*Work order*
All lines from the one containing "Image of Giacca" through the last line of the listing should be given again exactly, with no pictures.

*Exercise data*

========

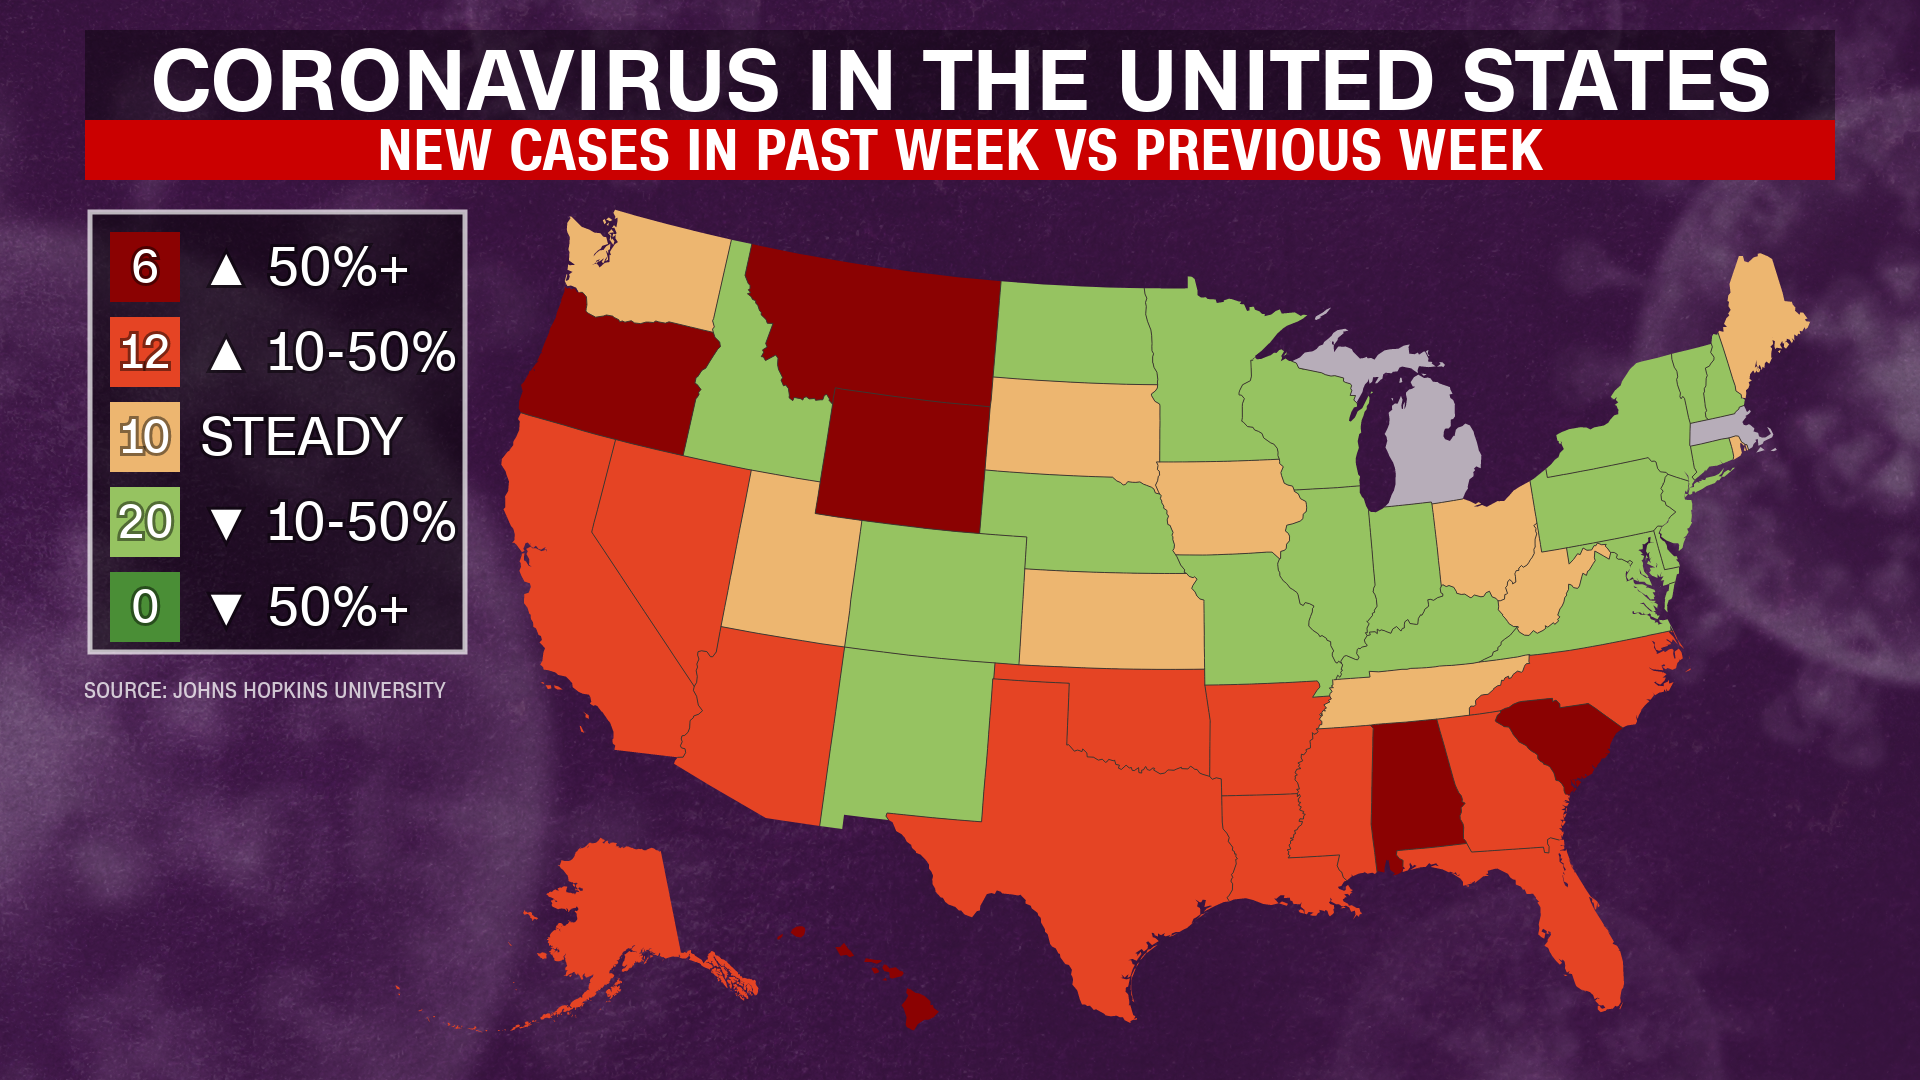 The number of coronavirus cases, which is increasing in 18 US states, predicts more deaths as a model
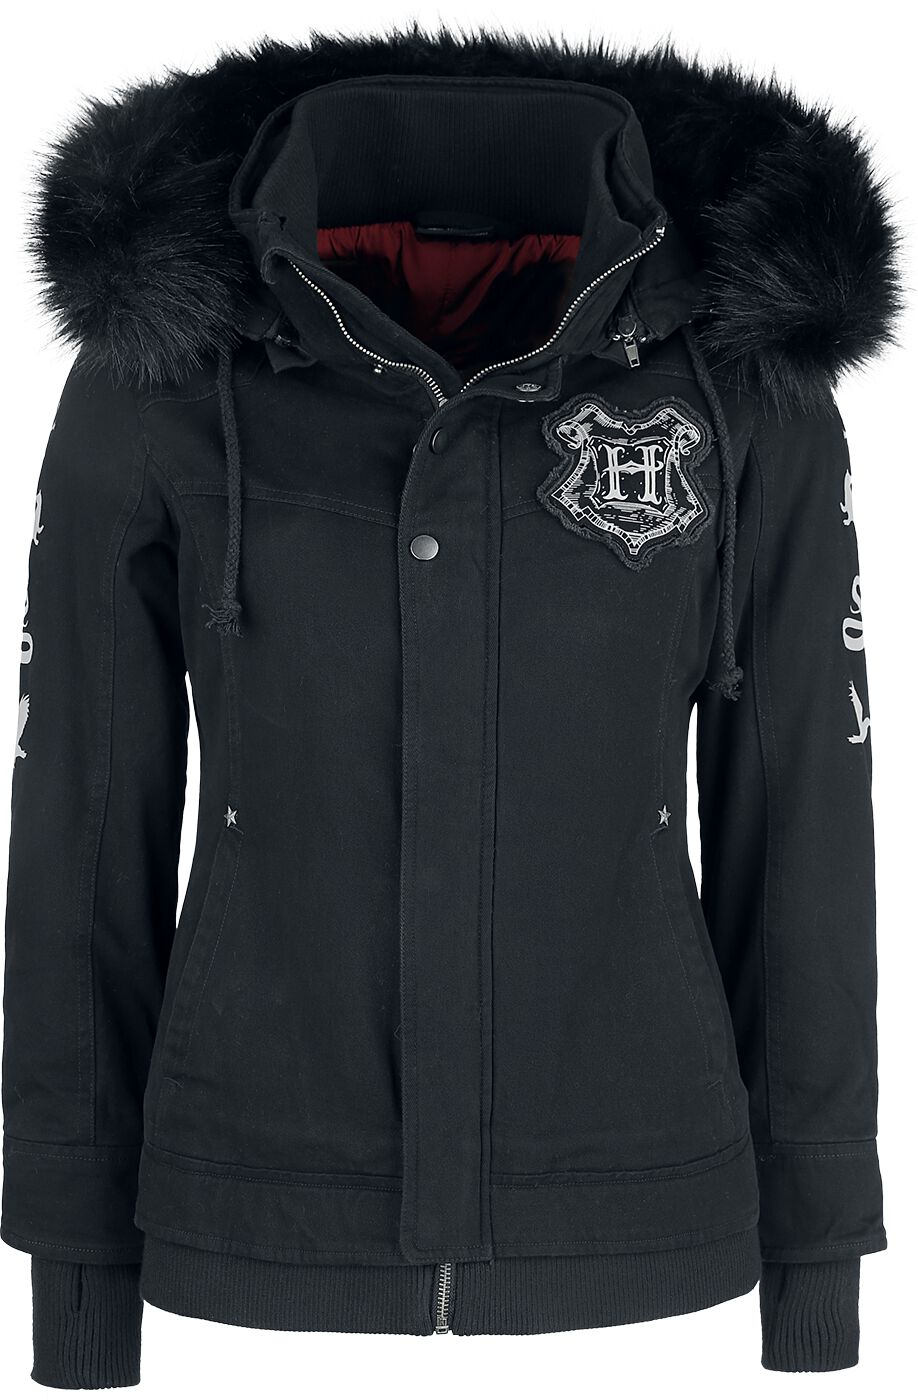 Image of Giacca invernale di Harry Potter - Hogwarts Crest - XS a XXL - Donna - nero
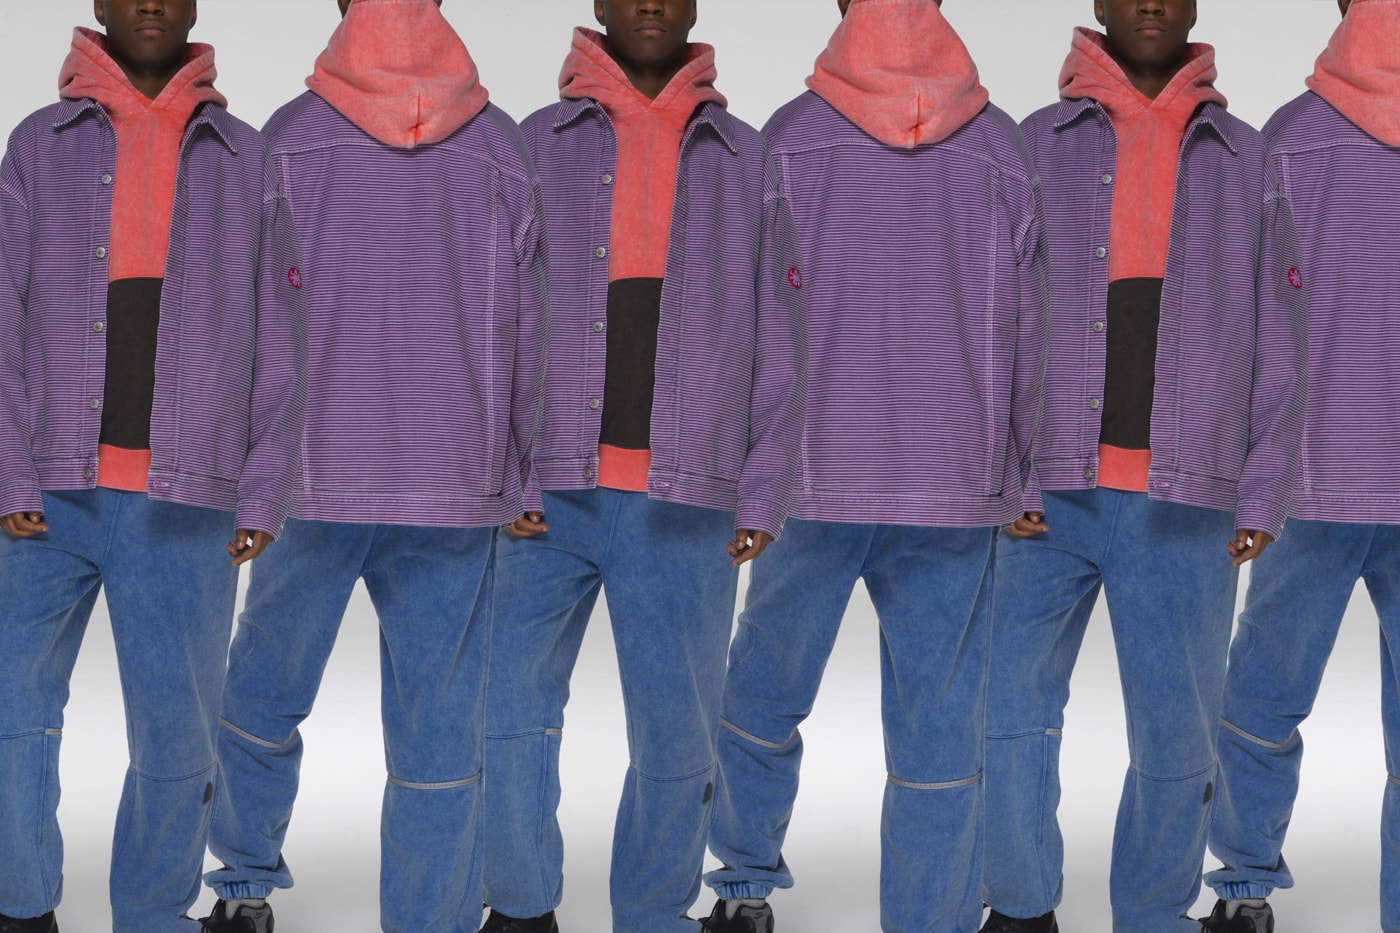 Cav Empt C.E スケートシング スケシン Spring Summer 2019 Collection Lookbook Toby Feltwell Sk8thing Jacket Hoodie Sweater Beanie Pants socks bags scarf t shirt crewneck shorts

========

*Exercise response*
 Image of Giacca invernale di Harry Potter - Hogwarts Crest - XS a XXL - Donna - nero
 Cav Empt C.E スケートシング スケシン Spring Summer 2019 Collection Lookbook Toby Feltwell Sk8thing Jacket Hoodie Sweater Beanie Pants socks bags scarf t shirt crewneck shorts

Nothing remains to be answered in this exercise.